- **REQUIRED WORK**:
Of all the lines below, output only those starting at the one with "Der Slice Cuff" and ending at the one with "Pleasanton Gateway, Pleasanton, California, 1982, irodaházak", both ends included, exactly as written.

********************

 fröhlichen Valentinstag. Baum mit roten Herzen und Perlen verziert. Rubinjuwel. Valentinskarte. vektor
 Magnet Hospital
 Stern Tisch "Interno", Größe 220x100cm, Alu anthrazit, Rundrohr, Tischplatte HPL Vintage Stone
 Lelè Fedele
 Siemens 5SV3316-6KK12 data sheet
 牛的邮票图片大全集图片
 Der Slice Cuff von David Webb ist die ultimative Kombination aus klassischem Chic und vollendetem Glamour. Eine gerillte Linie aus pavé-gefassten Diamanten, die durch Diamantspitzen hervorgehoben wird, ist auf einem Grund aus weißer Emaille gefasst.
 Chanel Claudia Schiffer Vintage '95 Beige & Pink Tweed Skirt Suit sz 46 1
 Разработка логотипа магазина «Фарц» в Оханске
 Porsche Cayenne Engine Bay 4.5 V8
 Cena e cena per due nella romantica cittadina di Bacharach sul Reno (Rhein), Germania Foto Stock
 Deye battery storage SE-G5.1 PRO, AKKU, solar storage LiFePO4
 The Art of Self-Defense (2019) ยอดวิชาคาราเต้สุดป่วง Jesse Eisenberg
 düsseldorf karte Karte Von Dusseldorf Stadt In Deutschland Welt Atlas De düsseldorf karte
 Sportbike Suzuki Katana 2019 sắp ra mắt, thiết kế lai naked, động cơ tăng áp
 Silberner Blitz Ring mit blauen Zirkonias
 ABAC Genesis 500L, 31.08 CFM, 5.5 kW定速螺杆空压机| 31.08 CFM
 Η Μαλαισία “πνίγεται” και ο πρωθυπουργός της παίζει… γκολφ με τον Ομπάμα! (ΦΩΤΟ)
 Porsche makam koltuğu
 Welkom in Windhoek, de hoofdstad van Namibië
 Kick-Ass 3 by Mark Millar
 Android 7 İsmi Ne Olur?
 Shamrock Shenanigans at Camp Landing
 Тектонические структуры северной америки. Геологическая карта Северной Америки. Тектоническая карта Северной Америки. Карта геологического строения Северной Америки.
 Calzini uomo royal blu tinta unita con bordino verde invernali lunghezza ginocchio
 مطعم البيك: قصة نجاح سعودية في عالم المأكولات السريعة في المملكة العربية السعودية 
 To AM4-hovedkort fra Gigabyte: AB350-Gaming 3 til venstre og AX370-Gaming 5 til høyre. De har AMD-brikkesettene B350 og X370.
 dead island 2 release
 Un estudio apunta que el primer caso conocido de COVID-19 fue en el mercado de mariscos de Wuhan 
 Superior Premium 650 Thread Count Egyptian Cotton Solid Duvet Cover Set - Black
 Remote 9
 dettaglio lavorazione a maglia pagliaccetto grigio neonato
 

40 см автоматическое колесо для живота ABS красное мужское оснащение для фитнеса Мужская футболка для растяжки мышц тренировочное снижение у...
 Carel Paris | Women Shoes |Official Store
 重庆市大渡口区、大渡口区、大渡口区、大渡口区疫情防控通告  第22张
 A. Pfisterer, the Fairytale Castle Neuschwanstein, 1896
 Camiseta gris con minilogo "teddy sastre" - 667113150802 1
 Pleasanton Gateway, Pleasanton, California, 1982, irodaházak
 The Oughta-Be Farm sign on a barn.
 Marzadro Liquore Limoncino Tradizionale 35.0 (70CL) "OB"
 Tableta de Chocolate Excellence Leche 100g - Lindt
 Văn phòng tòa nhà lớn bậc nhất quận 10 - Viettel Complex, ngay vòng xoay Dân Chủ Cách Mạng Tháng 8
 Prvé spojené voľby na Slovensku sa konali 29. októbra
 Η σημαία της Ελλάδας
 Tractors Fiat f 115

********************

- **REPLY**:
 Der Slice Cuff von David Webb ist die ultimative Kombination aus klassischem Chic und vollendetem Glamour. Eine gerillte Linie aus pavé-gefassten Diamanten, die durch Diamantspitzen hervorgehoben wird, ist auf einem Grund aus weißer Emaille gefasst.
 Chanel Claudia Schiffer Vintage '95 Beige & Pink Tweed Skirt Suit sz 46 1
 Разработка логотипа магазина «Фарц» в Оханске
 Porsche Cayenne Engine Bay 4.5 V8
 Cena e cena per due nella romantica cittadina di Bacharach sul Reno (Rhein), Germania Foto Stock
 Deye battery storage SE-G5.1 PRO, AKKU, solar storage LiFePO4
 The Art of Self-Defense (2019) ยอดวิชาคาราเต้สุดป่วง Jesse Eisenberg
 düsseldorf karte Karte Von Dusseldorf Stadt In Deutschland Welt Atlas De düsseldorf karte
 Sportbike Suzuki Katana 2019 sắp ra mắt, thiết kế lai naked, động cơ tăng áp
 Silberner Blitz Ring mit blauen Zirkonias
 ABAC Genesis 500L, 31.08 CFM, 5.5 kW定速螺杆空压机| 31.08 CFM
 Η Μαλαισία “πνίγεται” και ο πρωθυπουργός της παίζει… γκολφ με τον Ομπάμα! (ΦΩΤΟ)
 Porsche makam koltuğu
 Welkom in Windhoek, de hoofdstad van Namibië
 Kick-Ass 3 by Mark Millar
 Android 7 İsmi Ne Olur?
 Shamrock Shenanigans at Camp Landing
 Тектонические структуры северной америки. Геологическая карта Северной Америки. Тектоническая карта Северной Америки. Карта геологического строения Северной Америки.
 Calzini uomo royal blu tinta unita con bordino verde invernali lunghezza ginocchio
 مطعم البيك: قصة نجاح سعودية في عالم المأكولات السريعة في المملكة العربية السعودية 
 To AM4-hovedkort fra Gigabyte: AB350-Gaming 3 til venstre og AX370-Gaming 5 til høyre. De har AMD-brikkesettene B350 og X370.
 dead island 2 release
 Un estudio apunta que el primer caso conocido de COVID-19 fue en el mercado de mariscos de Wuhan 
 Superior Premium 650 Thread Count Egyptian Cotton Solid Duvet Cover Set - Black
 Remote 9
 dettaglio lavorazione a maglia pagliaccetto grigio neonato
 

40 см автоматическое колесо для живота ABS красное мужское оснащение для фитнеса Мужская футболка для растяжки мышц тренировочное снижение у...
 Carel Paris | Women Shoes |Official Store
 重庆市大渡口区、大渡口区、大渡口区、大渡口区疫情防控通告  第22张
 A. Pfisterer, the Fairytale Castle Neuschwanstein, 1896
 Camiseta gris con minilogo "teddy sastre" - 667113150802 1
 Pleasanton Gateway, Pleasanton, California, 1982, irodaházak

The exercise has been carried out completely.